In the event of termination due to death, permanent and total disability, or
retirement during a performance period, the participant will be entitled to a
pro rata award for the performance periods then in effect, based on the number
of months of participation, rounded to the nearest month, during those
performance periods, divided by the number of months in the performance periods.
The prorating may be further based on the progress toward the performance goals
attained at the time of termination, as determined by the Committee. Prorated
awards paid for this reason will be paid as soon as practicable following the
end of the performance periods for which the awards were made.

                                PAYMENT OF AWARDS

Payment of awards will be made as soon as practicable after the Committee
completes its assessment of performance and approves award payment. Awards will
be paid in cash. At the election of the participant in accordance with the terms
of the WOODWARD GOVERNOR COMPANY EXECUTIVE BENEFIT PLAN, all or a portion of a
participant's award payment may be deferred.

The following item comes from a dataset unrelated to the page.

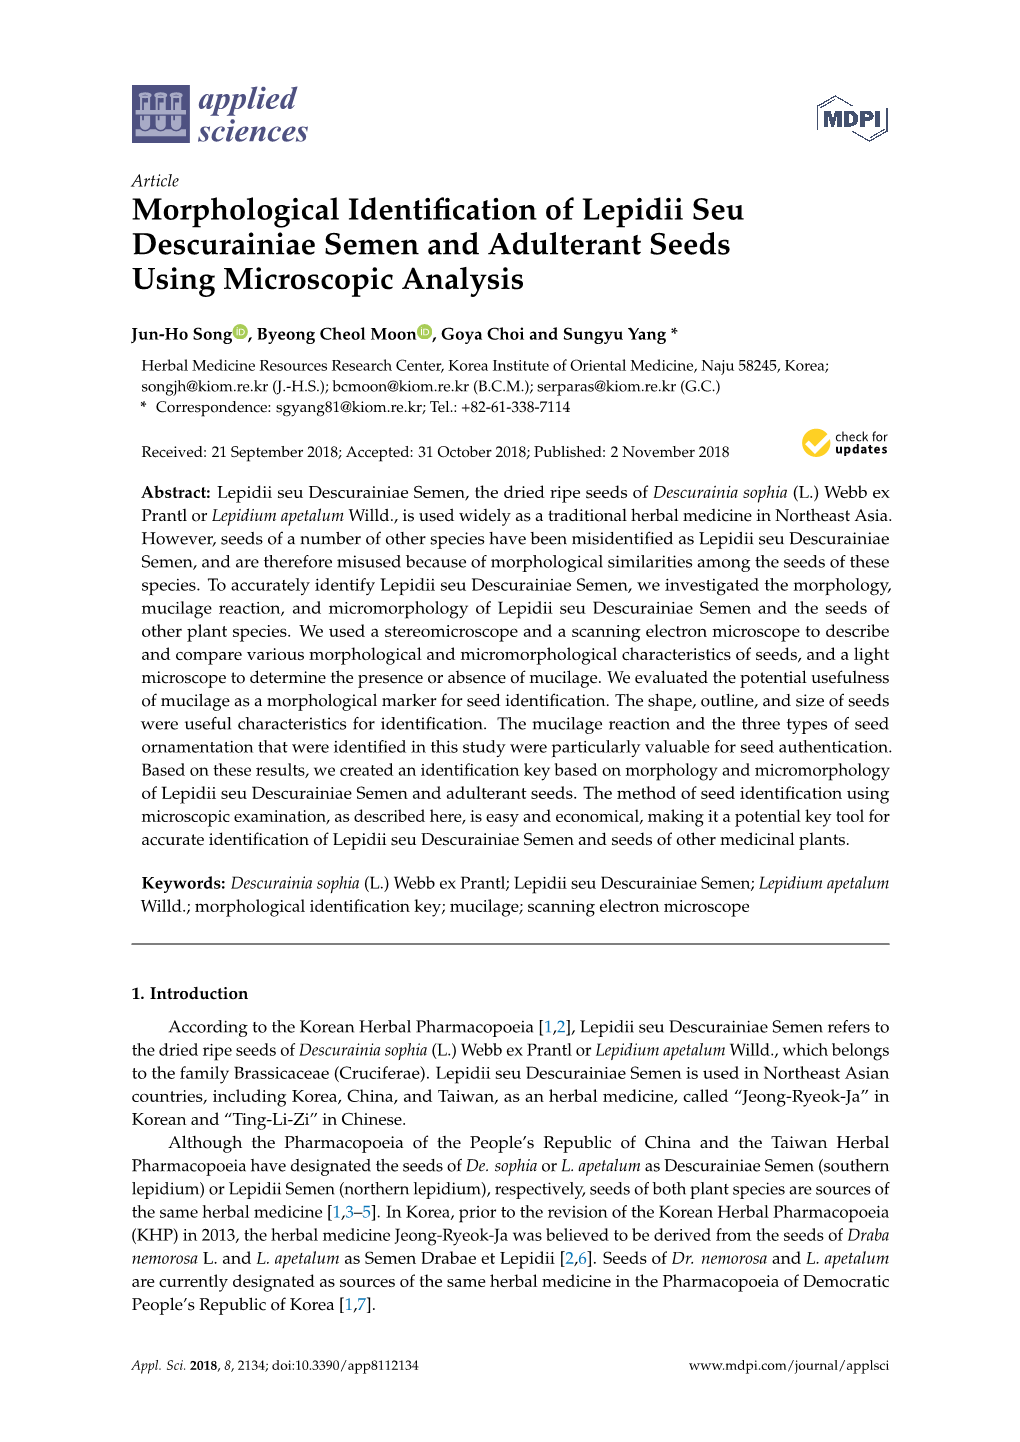 Morphological Identification of Lepidii Seu Descurainiae Semen and Adulterant Seeds Using Microscopic Analysis

                               ACCOUNTING EXPENSE

All grants made to participants under the plan will be fully charged to earnings
throughout the performance period. A prorated portion of this expense will be
accrued each quarter based upon the results to date and a reasonable estimate of
the eventual payout.

                           EMPLOYEE TAX CONSIDERATIONS

Participants will incur no income tax liability at the beginning of the
performance period. At the end of the performance period when the payment is
made, each participant will realize ordinary income on the amounts paid.
Participants may further defer paying income tax on the awarded amounts if they
previously elected to defer all or a portion of their award in accordance with
the terms of the WOODWARD GOVERNOR COMPANY EXECUTIVE BENEFIT PLAN. The payment,
even if deferred, is subject to social security and Medicare taxes at the time
of payment.

                           EMPLOYER TAX CONSIDERATIONS

No tax deduction is available to the Company until amounts are actually paid to
the participants. If the participants elect to defer receipt of their payment,
then the company is not allowed a deduction until the eventually distribution
from the WOODWARD GOVERNOR COMPANY EXECUTIVE BENEFIT PLAN.